ITSN-1s impairs LC cell proliferation and growth. a A549 and A549 + ITSN cells (107) were seeded in 100 cm2 plates, cultured for five days, trypsinized and counted. b Serial dilutions of A549 and A549 + ITSN-1s cells seeded in 96-well plates were subjected to the MTT assay. Cell proliferation was assessed by absorbance at 570 nm; (w-well). c Three points on the linear part of the proliferation curve were used to evaluate the extent of cell growth inhibition. Data are shown as percentage of control. d A549 and A549 + ITSN-1s cells (5×105) were seeded in 35 mm dishes in media with 0.28 % agar on a base of 0.58 % agar. Colonies began to form 30 days later, and were stained with crystal violet dye. Representative plates are shown. e The number of colonies was quantified. Data are shown as percentage of control. Error bar represents mean ± SE; *p < 0.05; **p < 0.01. The above data are representative of 3 independent experiments performed under identical experimental conditions. f A549 and A549 + ITSN cells (107) injected into nude mice. Shown are representative tumors that formed 30 days post-injection. g Mean tumor area was measured using NIH ImageJ. Error bar represents mean ± SE; (n = 3-5 mice); *p < 0.05

Since restoring ITSN-1s level impairs A549 cell proliferation, we examined whether ITSN-1s regulates anchorage-independent growth, one of the hallmarks of cell transformation [28]. We performed the soft-agar assay, a validated in vitro assay for detecting malignant transformation [28]. Cells started to form noticeable colonies after 30 days of culture. Although both A549 and A549 + ITSN-1s cells formed colonies, the ability of A549 + ITSN-1s cells to grow independent of anchorage was impaired compared to A549 cells (Fig. 3d); the number of colonies was 80 % lower (Fig. 3e), suggesting that ITSN-1s deficiency is an important component in the anchorage-independent growth of human LC cells.
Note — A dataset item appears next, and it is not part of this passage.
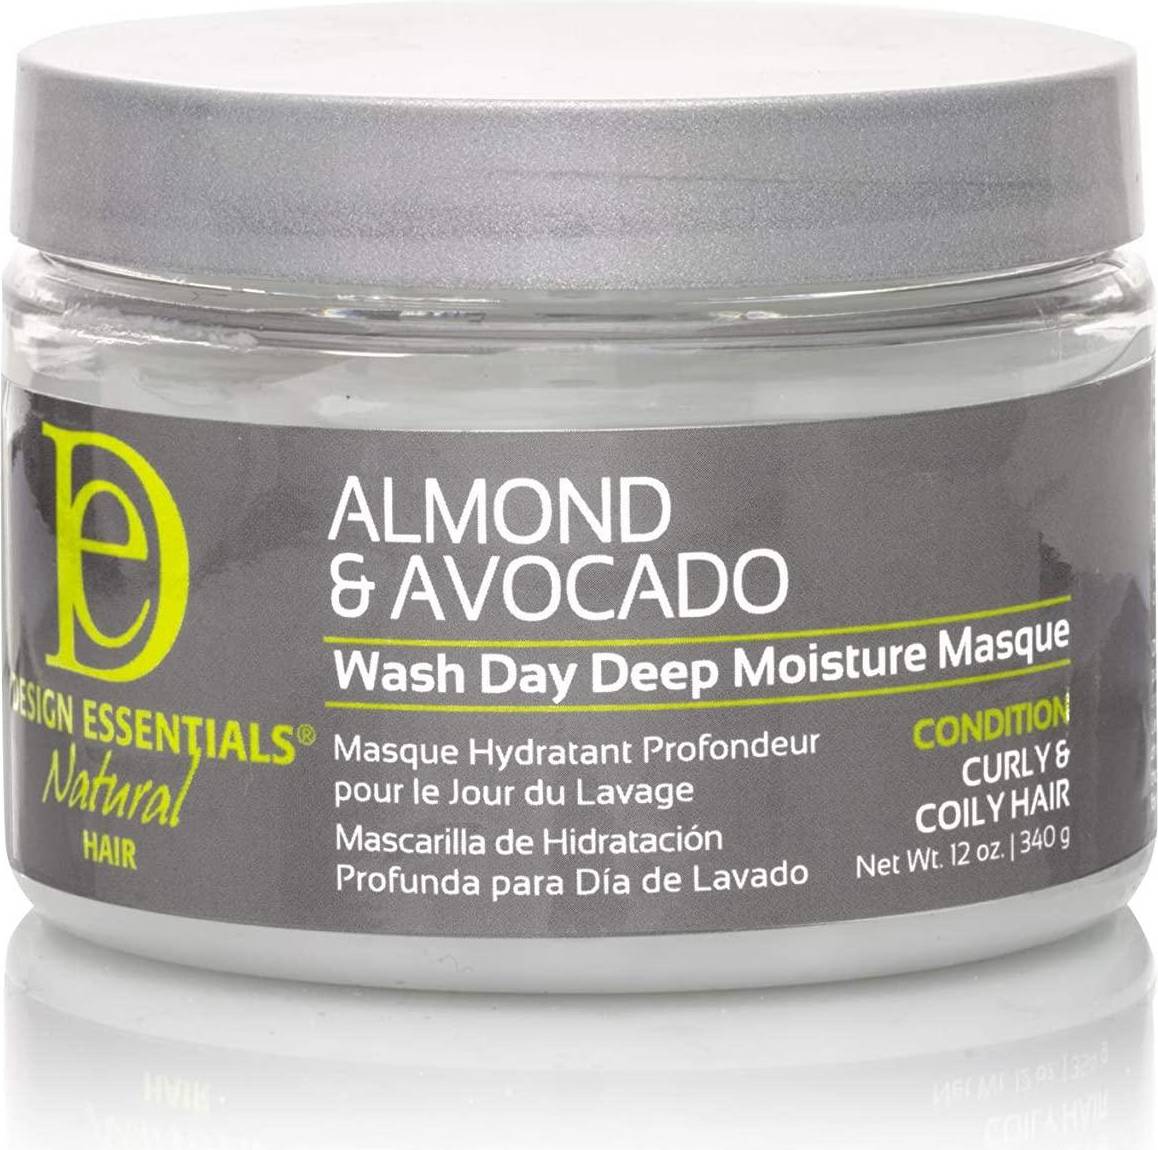 Design Essentials Wash Day Deep Moisture Masque Almond And Avocado 340g • Pris 7051
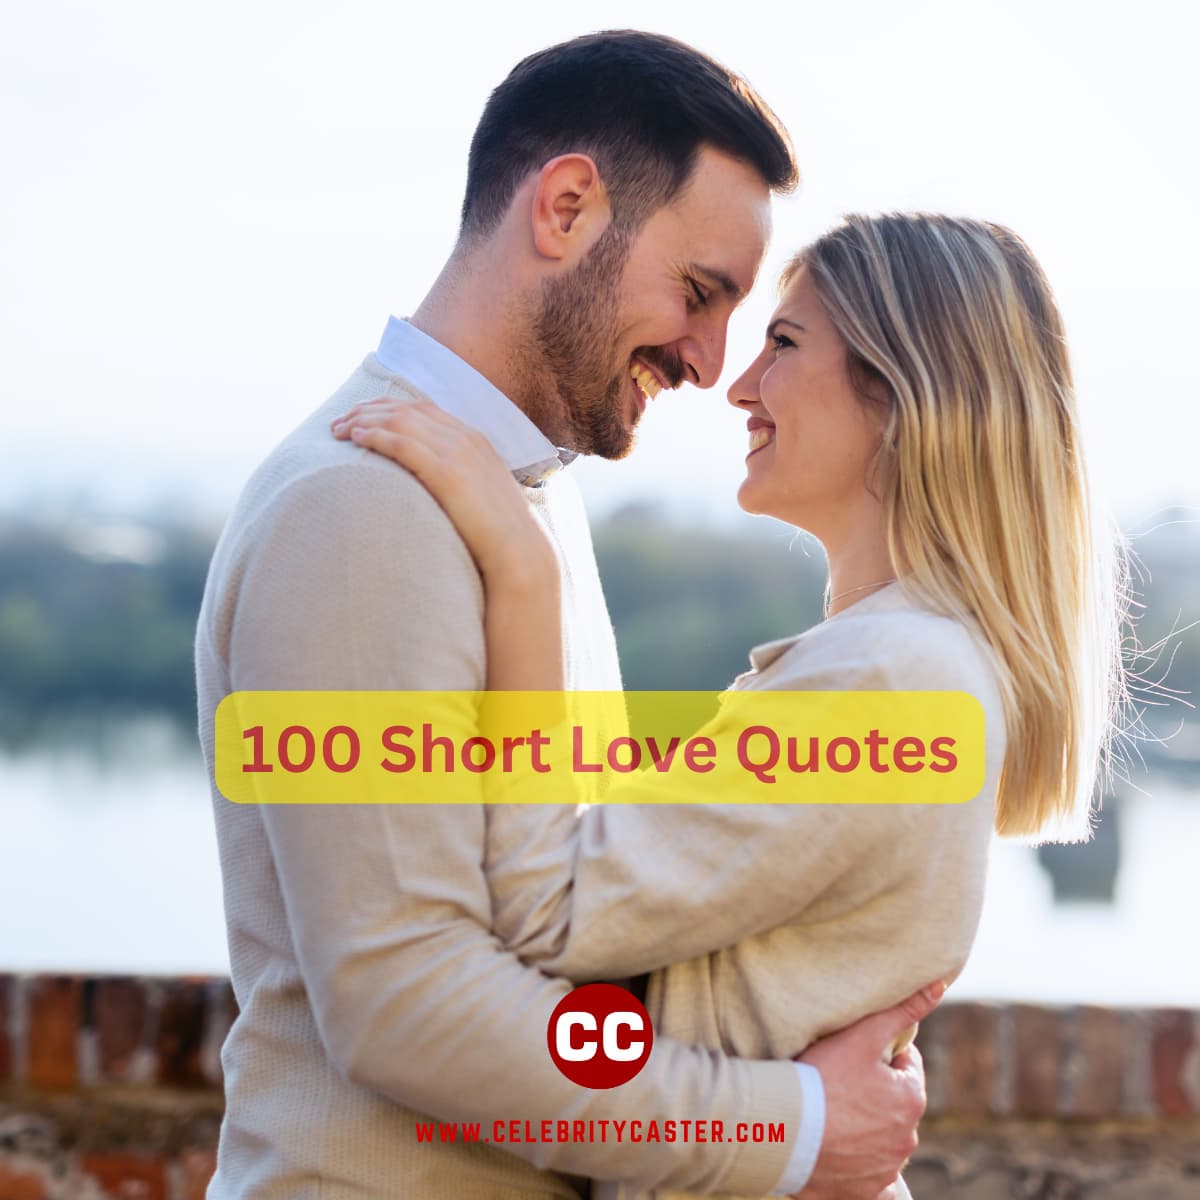 100 Short Love Quotes

To gain insight into ITSN-1s’ role in anchorage-independent growth of LC cells in vivo, we performed a xenograft tumor assay [31]. Immunodeficient mice were injected subcutaneously with A549 and A549 + ITSN-1s cells. Tumor development and growth were monitored for 4 weeks at which point tumors were resected, photographed (Fig. 3f), and measured. The tumors of mice injected with A549 + ITSN-1s cells were 42 % smaller than the tumors of mice injected with A549 cells (Fig. 3g). Together these studies demonstrate that ITSN-1s restoration in A549 cells significantly imapirs tumor proliferation and anchorage-independent growth.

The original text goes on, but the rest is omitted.